=== Section Start ===

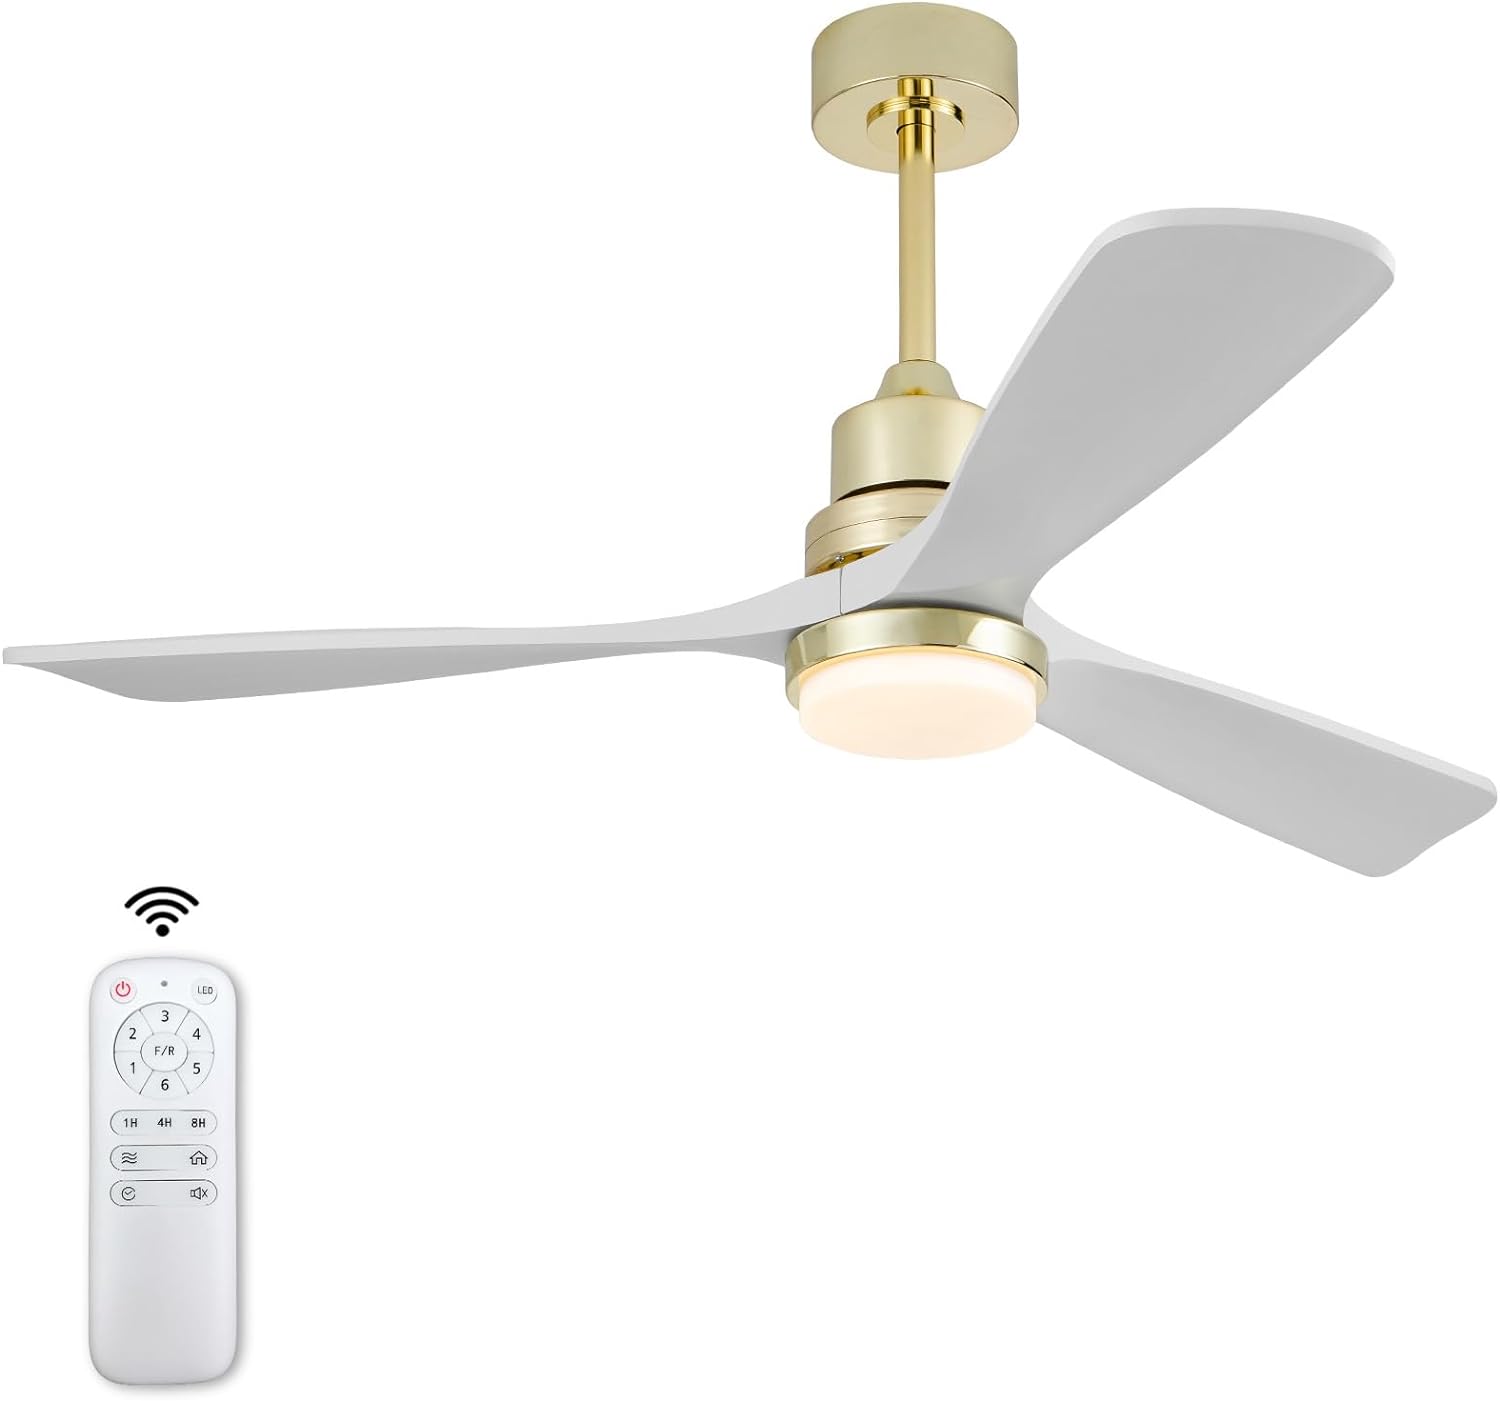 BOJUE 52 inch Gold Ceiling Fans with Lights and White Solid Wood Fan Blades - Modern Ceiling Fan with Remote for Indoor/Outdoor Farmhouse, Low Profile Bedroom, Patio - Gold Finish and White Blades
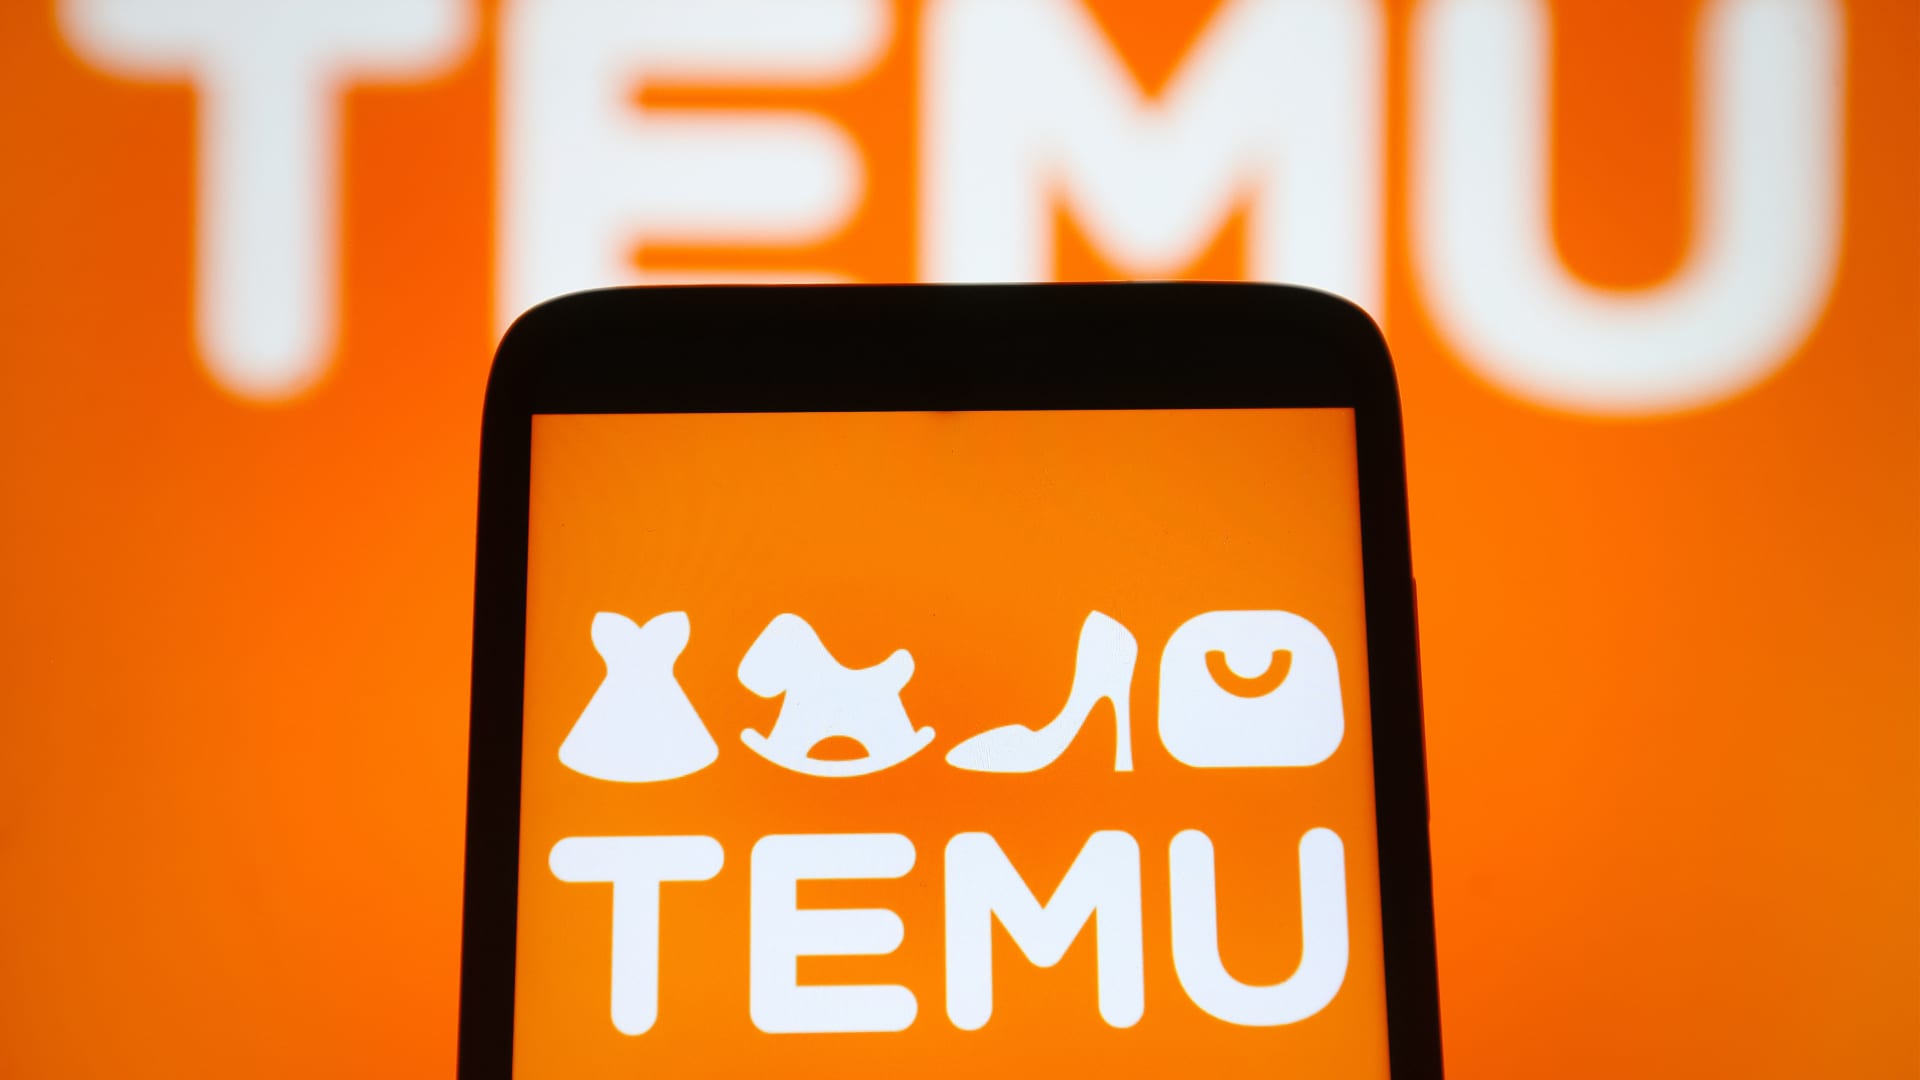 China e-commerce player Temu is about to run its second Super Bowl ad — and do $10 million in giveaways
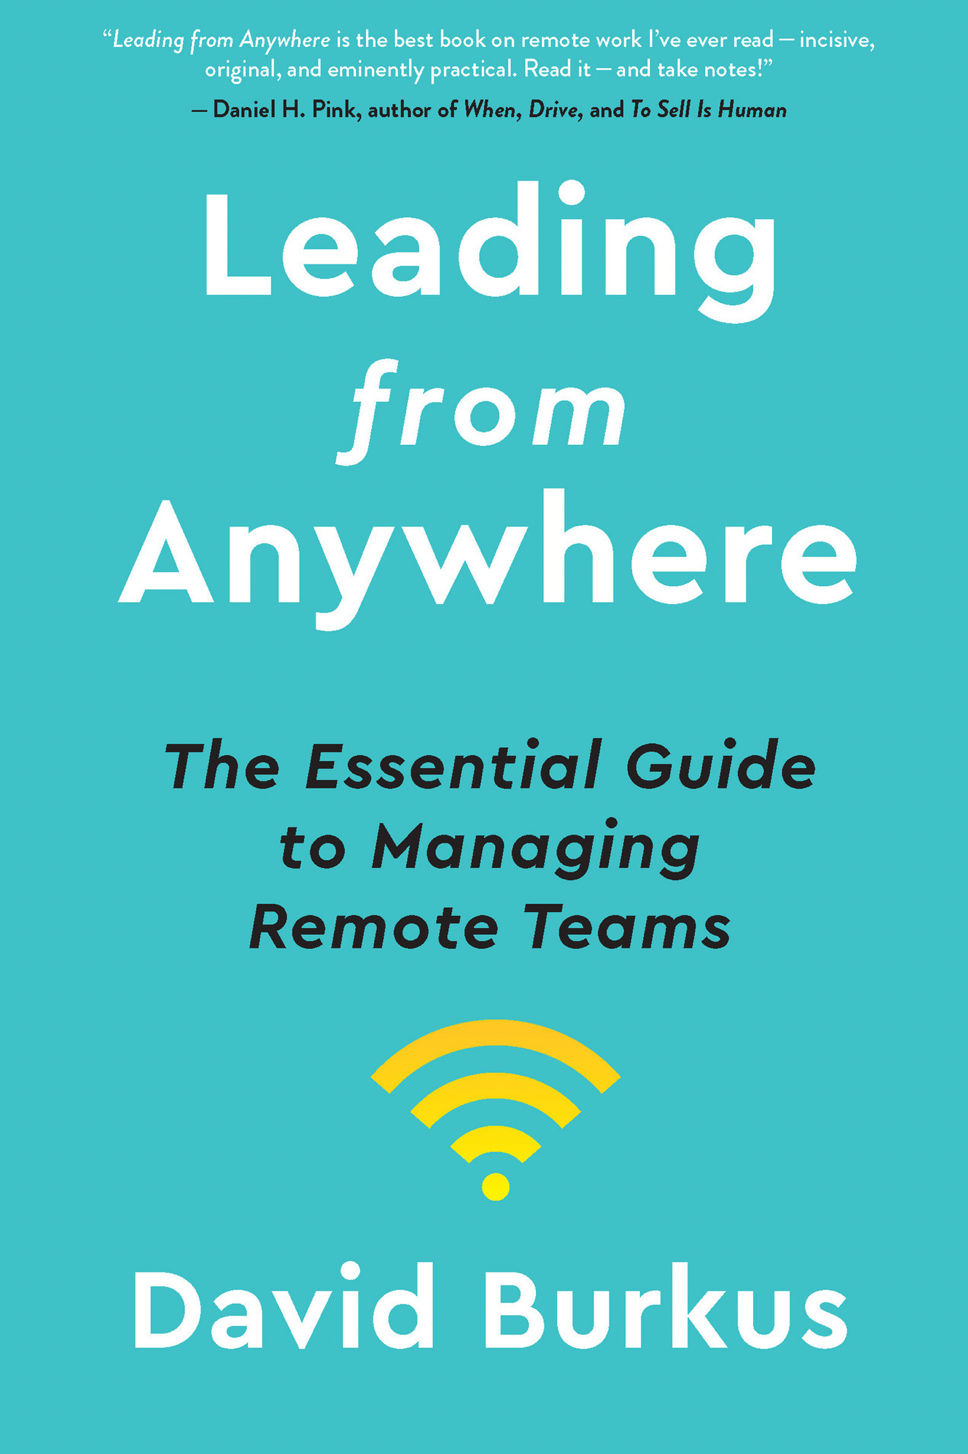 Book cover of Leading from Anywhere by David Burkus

=== Section End ===

Prompt
Having located the line with "China e-commerce player", copy it exactly along with every later line through the end of the listing above, but omit the pictures.

Response area
 China e-commerce player Temu is about to run its second Super Bowl ad — and do $10 million in giveaways
 Book cover of Leading from Anywhere by David Burkus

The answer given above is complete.